KLXH
- Thibodaux, Louisiana; United States;
- Broadcast area: Houma–Thibodaux
- Frequency: 106.3 MHz
- Branding: K-Love

Programming
- Network: K-Love

Ownership
- Owner: Educational Media Foundation

History
- First air date: June 1, 1966
- Former call signs: KTIB-FM (1966–1973); KXOR-FM (1973–2017);

Technical information
- Licensing authority: FCC
- Facility ID: 35989
- Class: C3
- ERP: 25,000 watts
- HAAT: 100 meters (330 ft)
- Transmitter coordinates: 29°38′52.00″N 90°41′34.00″W﻿ / ﻿29.6477778°N 90.6927778°W

Links
- Public license information: Public file; LMS;
- Website: K-Love

= KLXH =

K-Love radio station in Thibodaux, Louisiana

KLXH (106.3 FM) is a radio station licensed to Thibodaux, Louisiana, United States. The station is currently owned by Educational Media Foundation.
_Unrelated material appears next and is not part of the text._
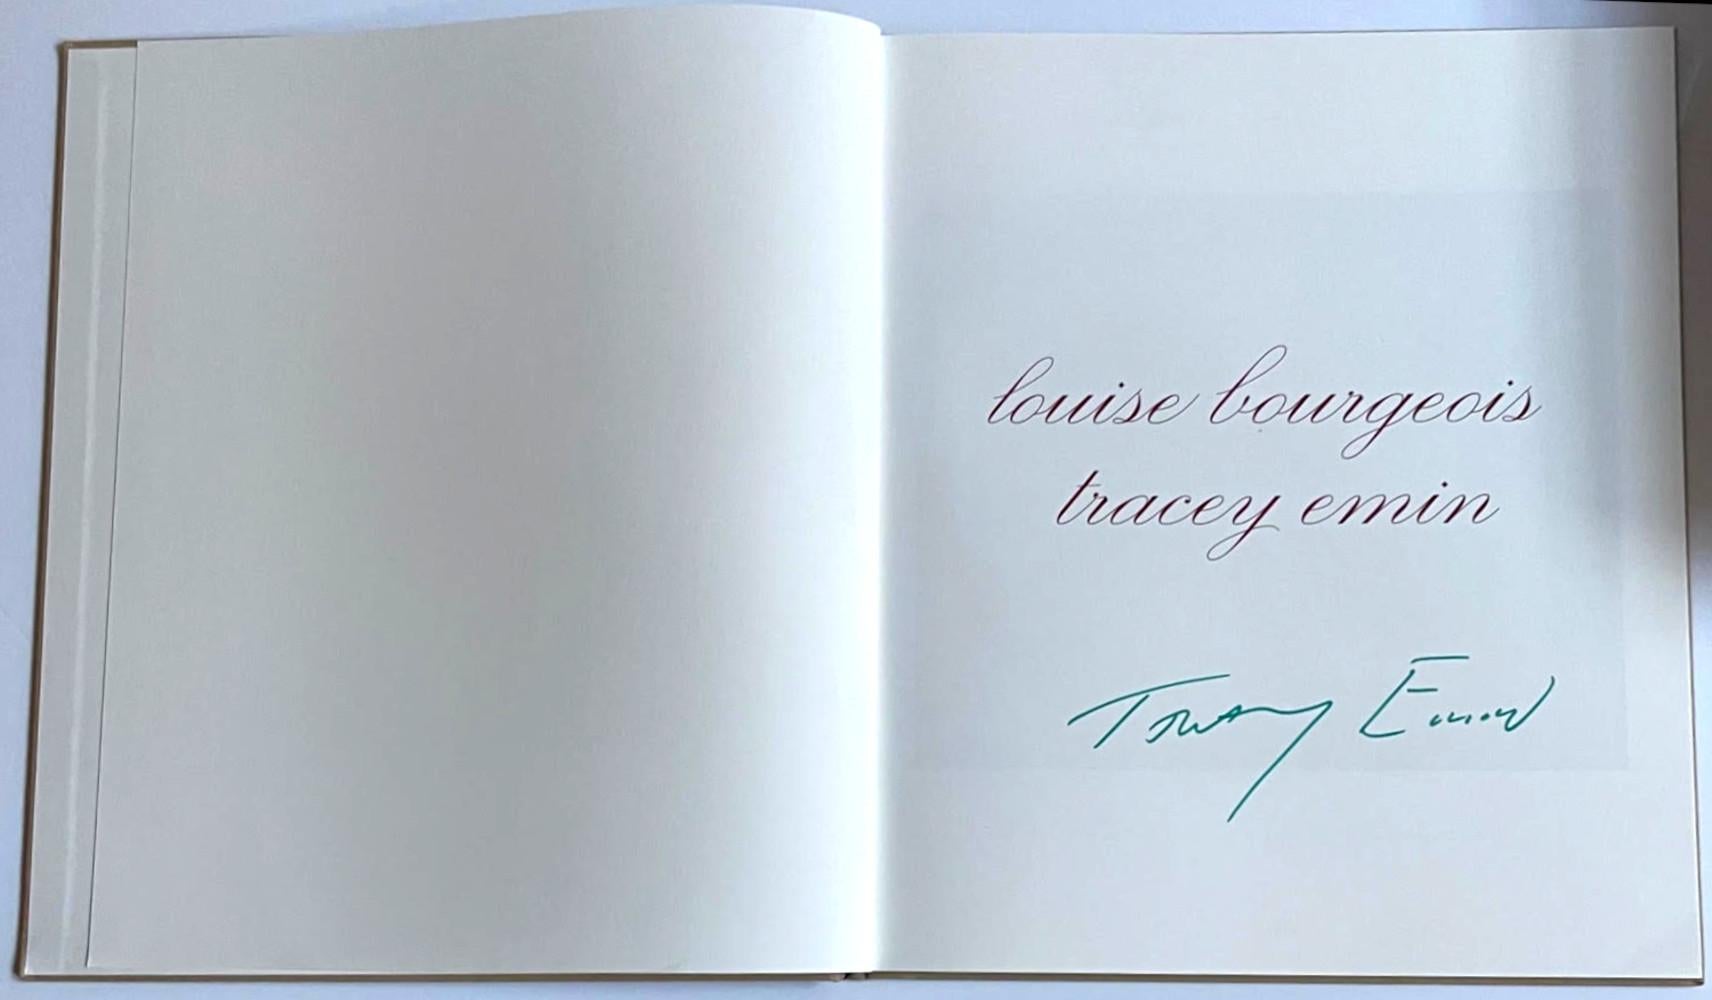 Do Not Abandon Me (signé à la main avec un marqueur vert par Tracey Emin) - Print de Louise Bourgeois & Tracey Emin

The station serves the Houma/Thibodaux metropolitan area of Southeastern Louisiana

==History==
This station was started on June 1, 1966, by the Delta Broadcasting Company as KTIB-FM, a 3,000-watt sister station to KTIB AM. The station was sold in 1973 to Joseph Costello III, owner at the time of WRNO-FM and later on WRNO worldwide who switched the callsign to KXOR and formatted the station in his years of ownership as a rock station, and lastly as a country station branded as "LA Country 106" before being sold upon his death to Guaranty Broadcasting of Baton Rouge in 1997 who promptly flipped the format to classic rock branded as "Eagle 106.3" so as not to compete with sister station KCIL . The station was sold as part of a cluster of stations in 2006 to Sunburst Media-Louisiana LLC. which updated the playlist to include newer rock than previously heard transforming the station into a Mainstream rock format. In November 2009, the radio company brought in Los Angeles radio consultant and music producer "Mighty Mike Quinn" who took over as Vice President of Programming. In late 2010 Mighty Mike Quinn's contract ended and he returned with his fiancé (Model and Radio Host) Viny Star back to Santa Monica, California. On March 1, 2011 KXOR-FM changed their format to classic rock, branded as "LA 106.3 Rock Hits Radio". Effective November 11, 2015, KXOR-FM (along with co-owned KCIL and KJIN) was sold to James Anderson's My Home Team Media, LLC.

On May 26, 2017, KXOR-FM changed their call letters to KLXH, as Educational Media Foundation closed on its $525,000 purchase of KXOR-FM. The station went silent on May 31, 2017 in preparation of switching to EMF's "K-Love" contemporary Christian format; it returned in June.